■ **Collected material**
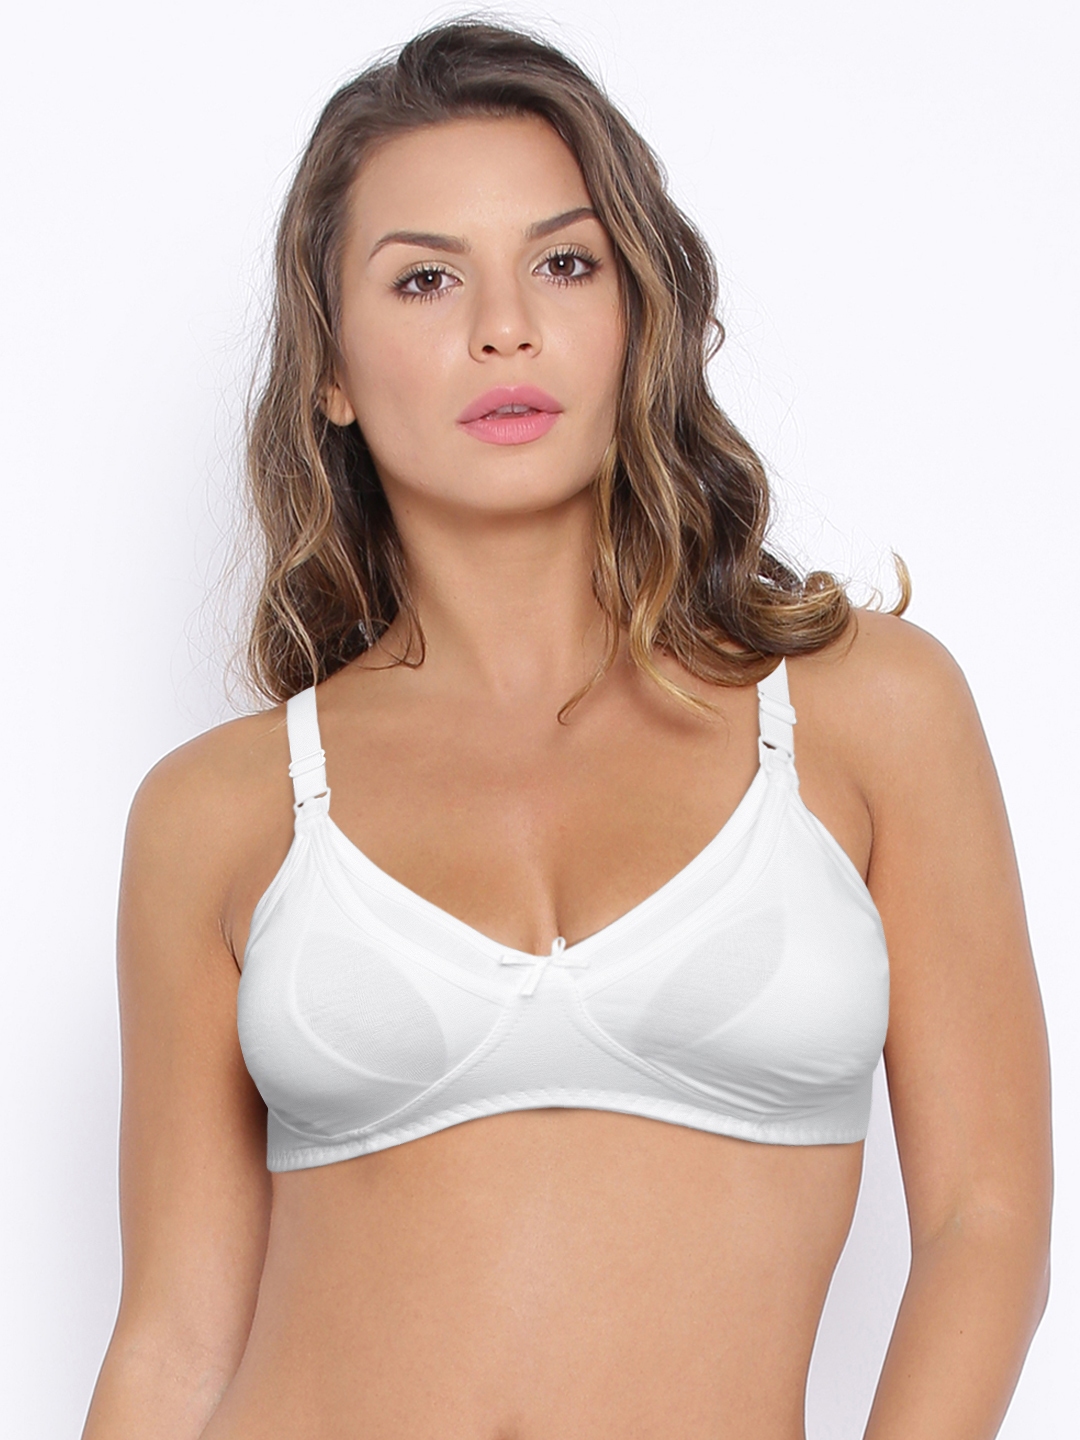 Buy Hanes Cotton Comfort White Maternity Bra G709-001 - Bra for
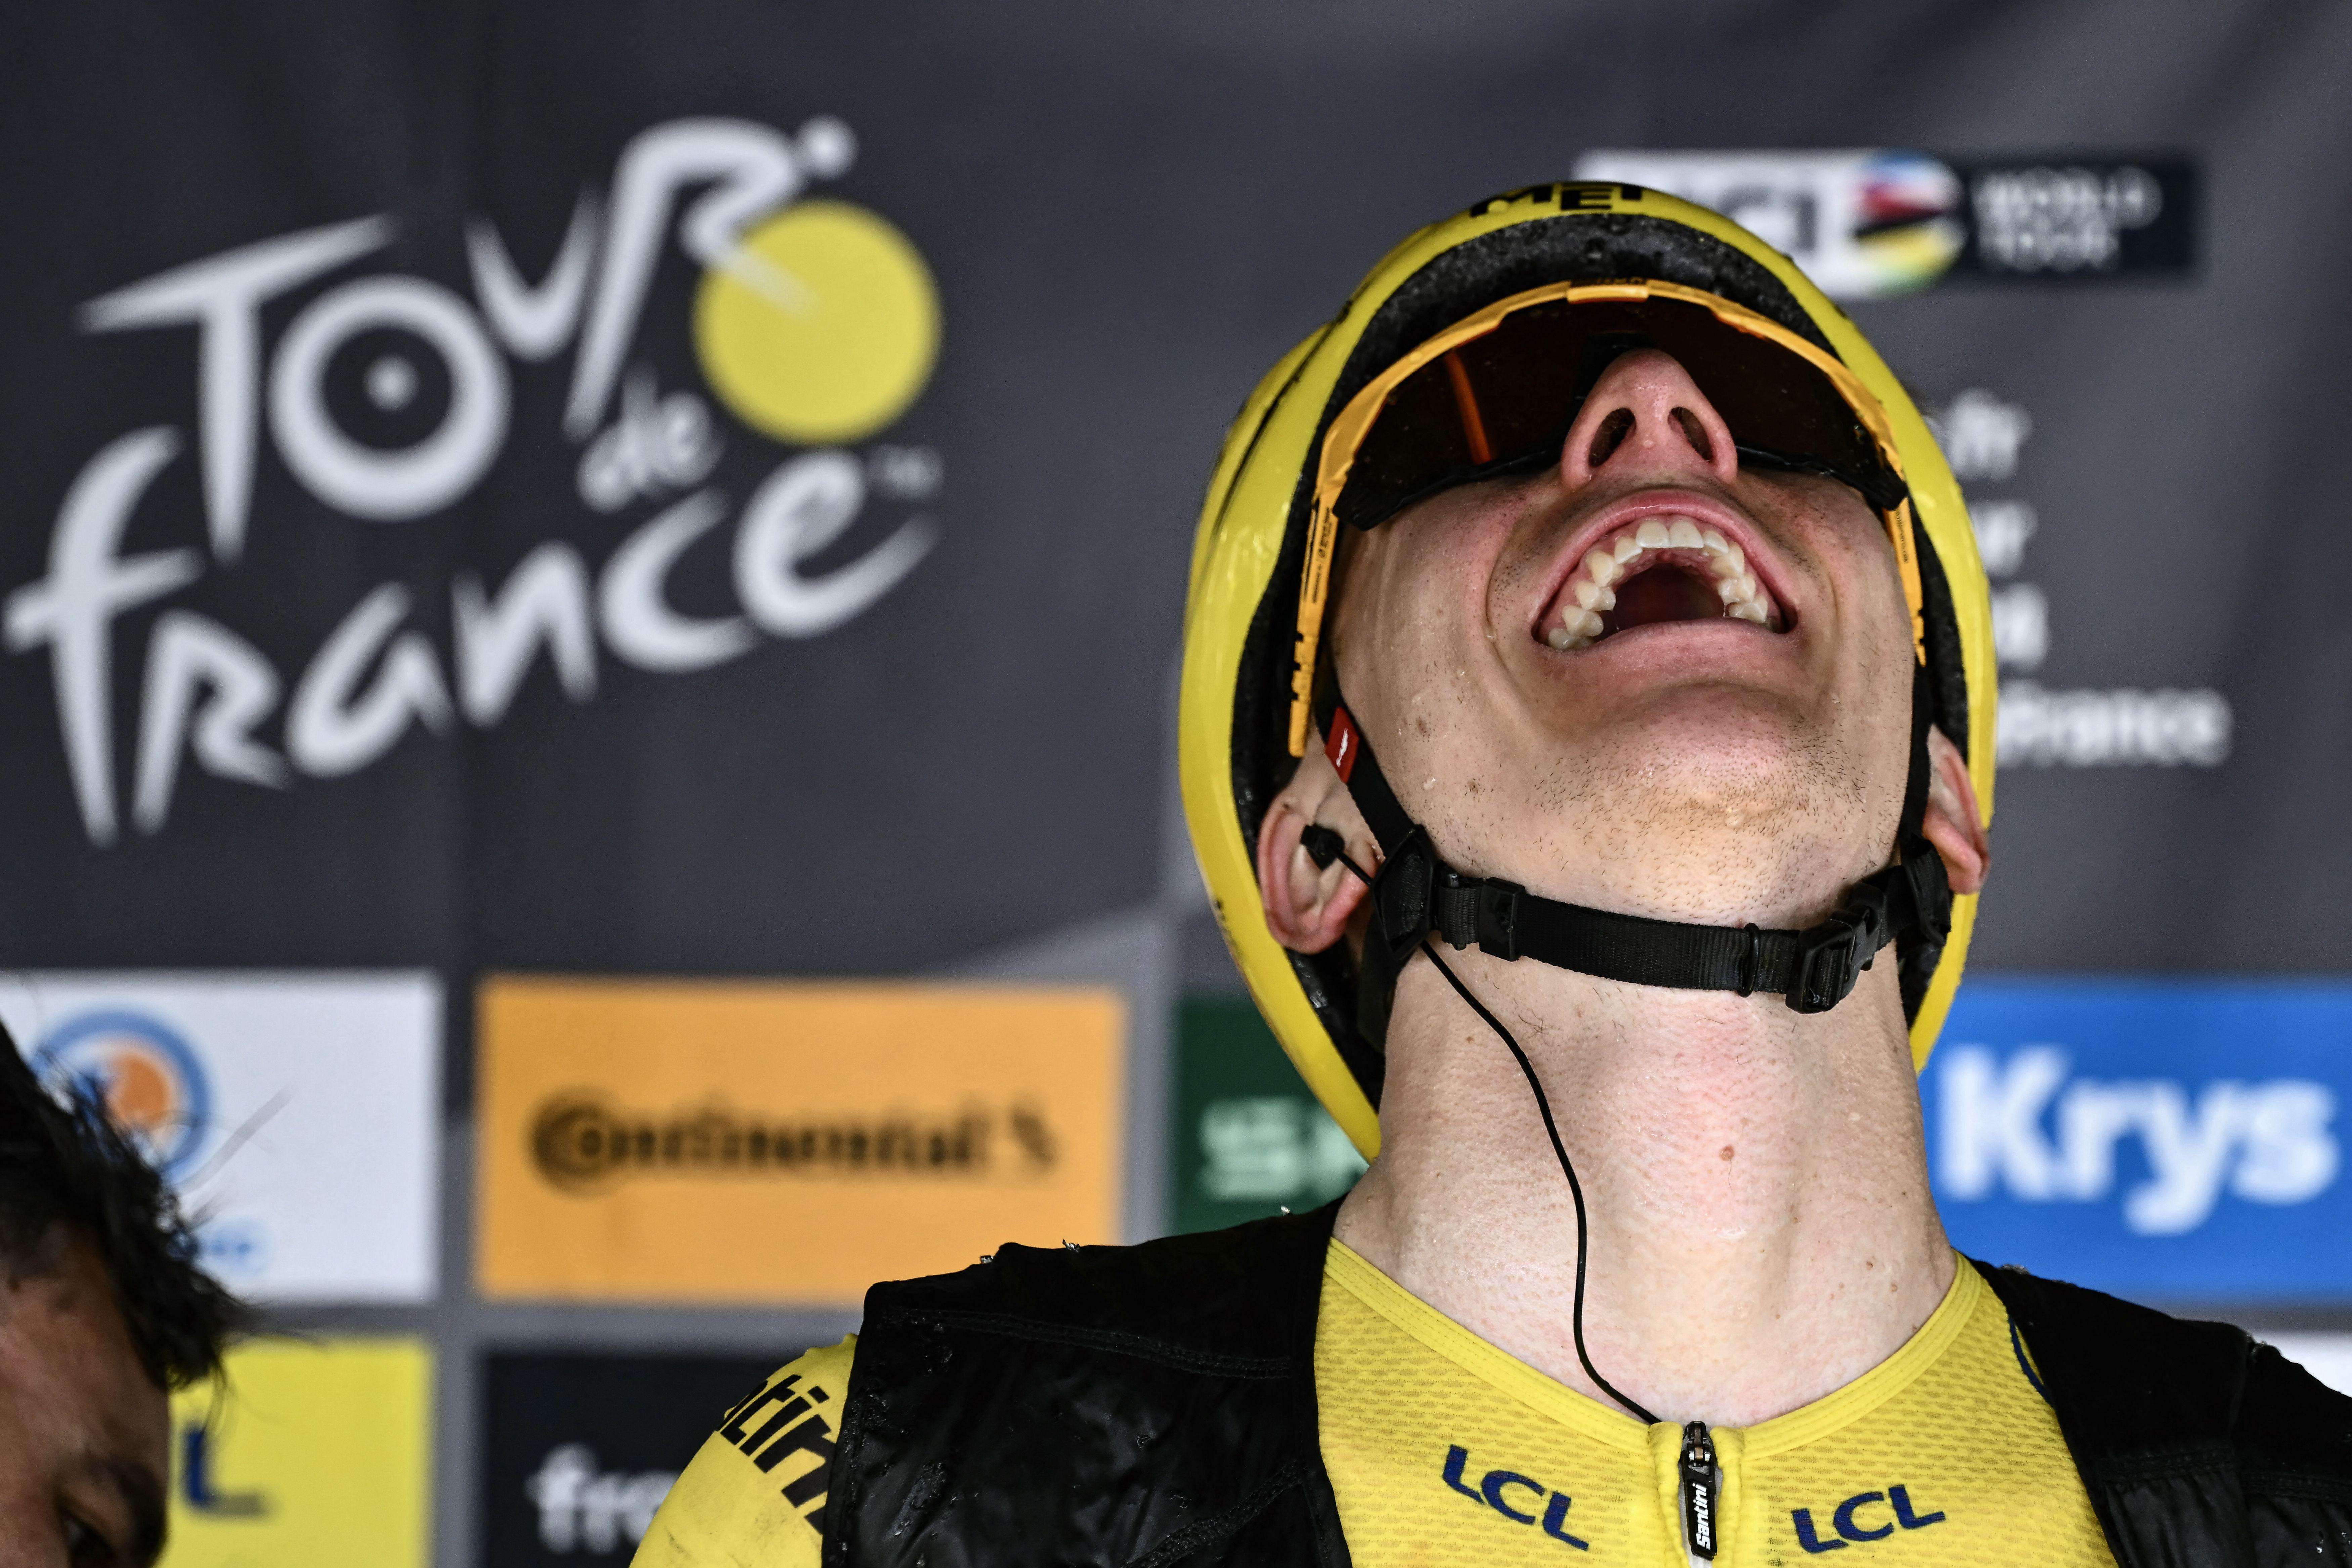 Tour de France - implacabile Pogacar: vince anche oggi davanti a Vingegaard
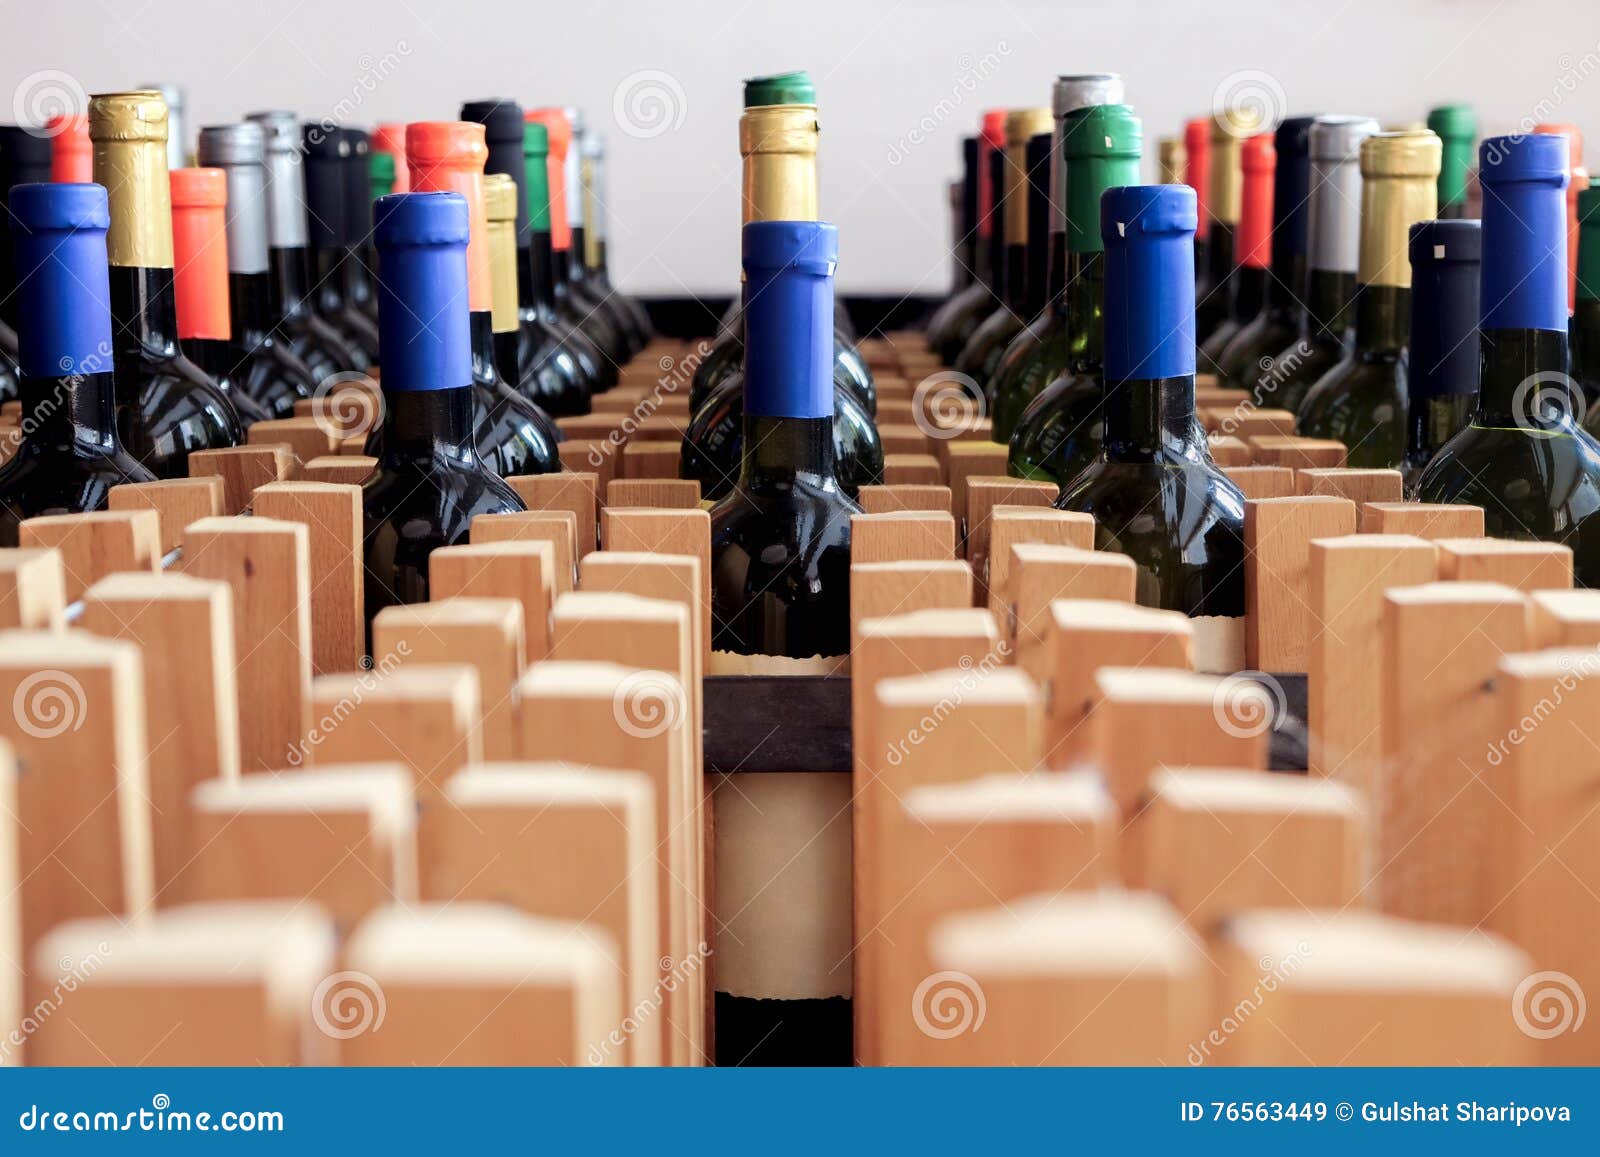 Gestell Von Flaschen Wein Mit Leerem Aufkleber Stockbild Bild Von Kennsatz Leerzeichen 76563449
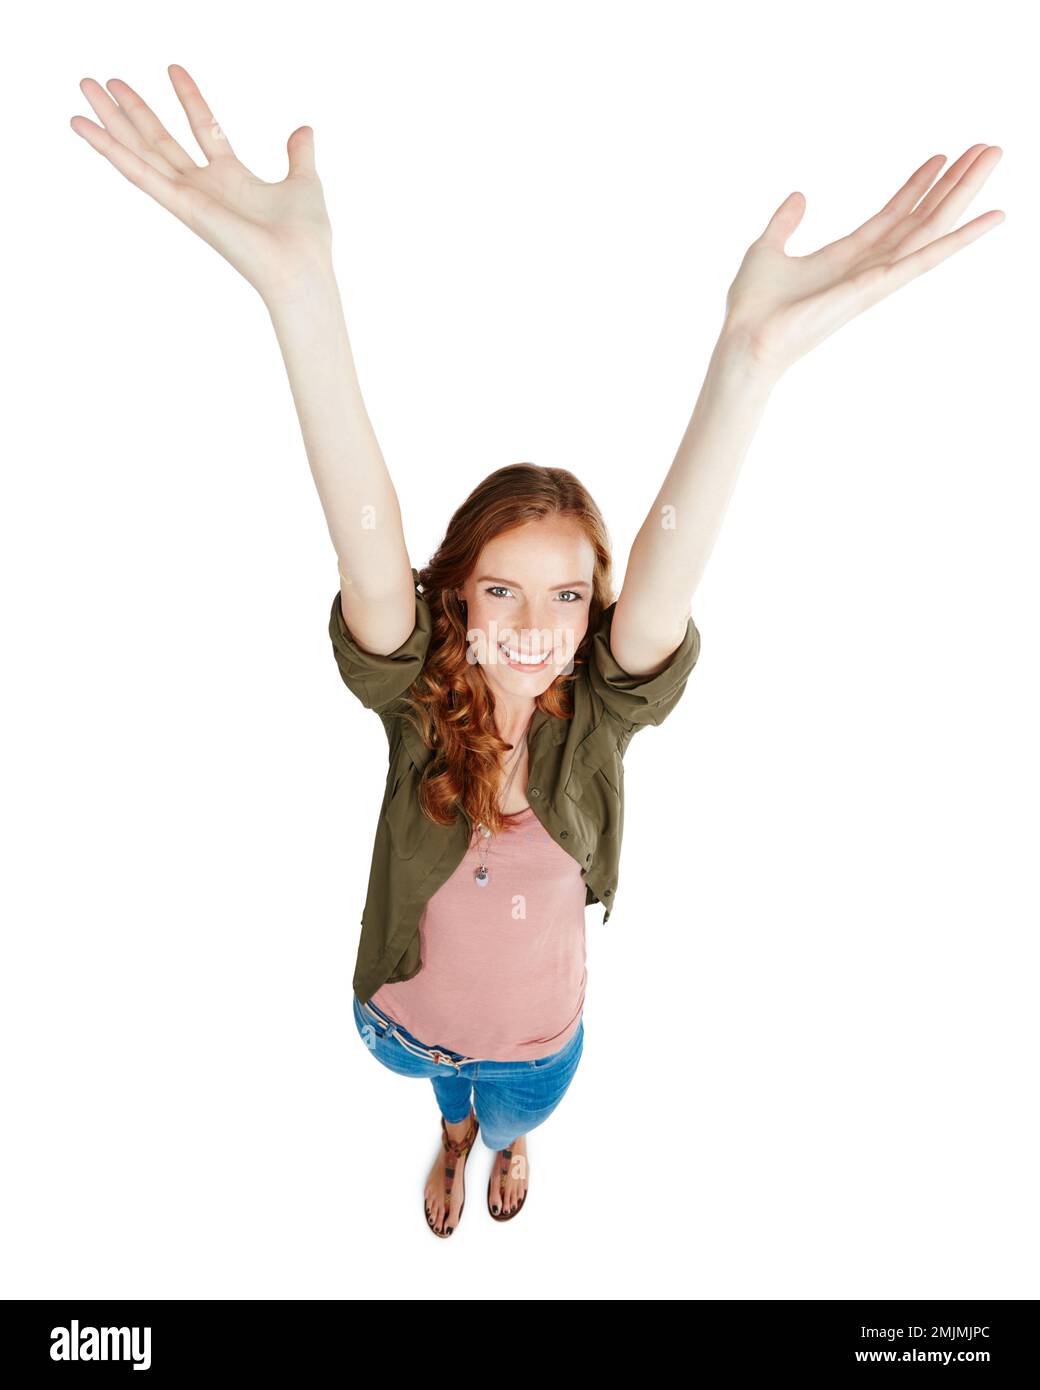 Mettere le mani in su come voi appena non si preoccupano. una giovane donna con le braccia sollevate su uno sfondo bianco. Foto Stock

■ **Problem to solve**
Working from the line that contains "Gestell Von Flaschen" to the last line of the listing, please quote each line exactly, pictures excluded.

■ **Solved problem**
 Gestell Von Flaschen Wein Mit Leerem Aufkleber Stockbild Bild Von Kennsatz Leerzeichen 76563449
 Mettere le mani in su come voi appena non si preoccupano. una giovane donna con le braccia sollevate su uno sfondo bianco. Foto Stock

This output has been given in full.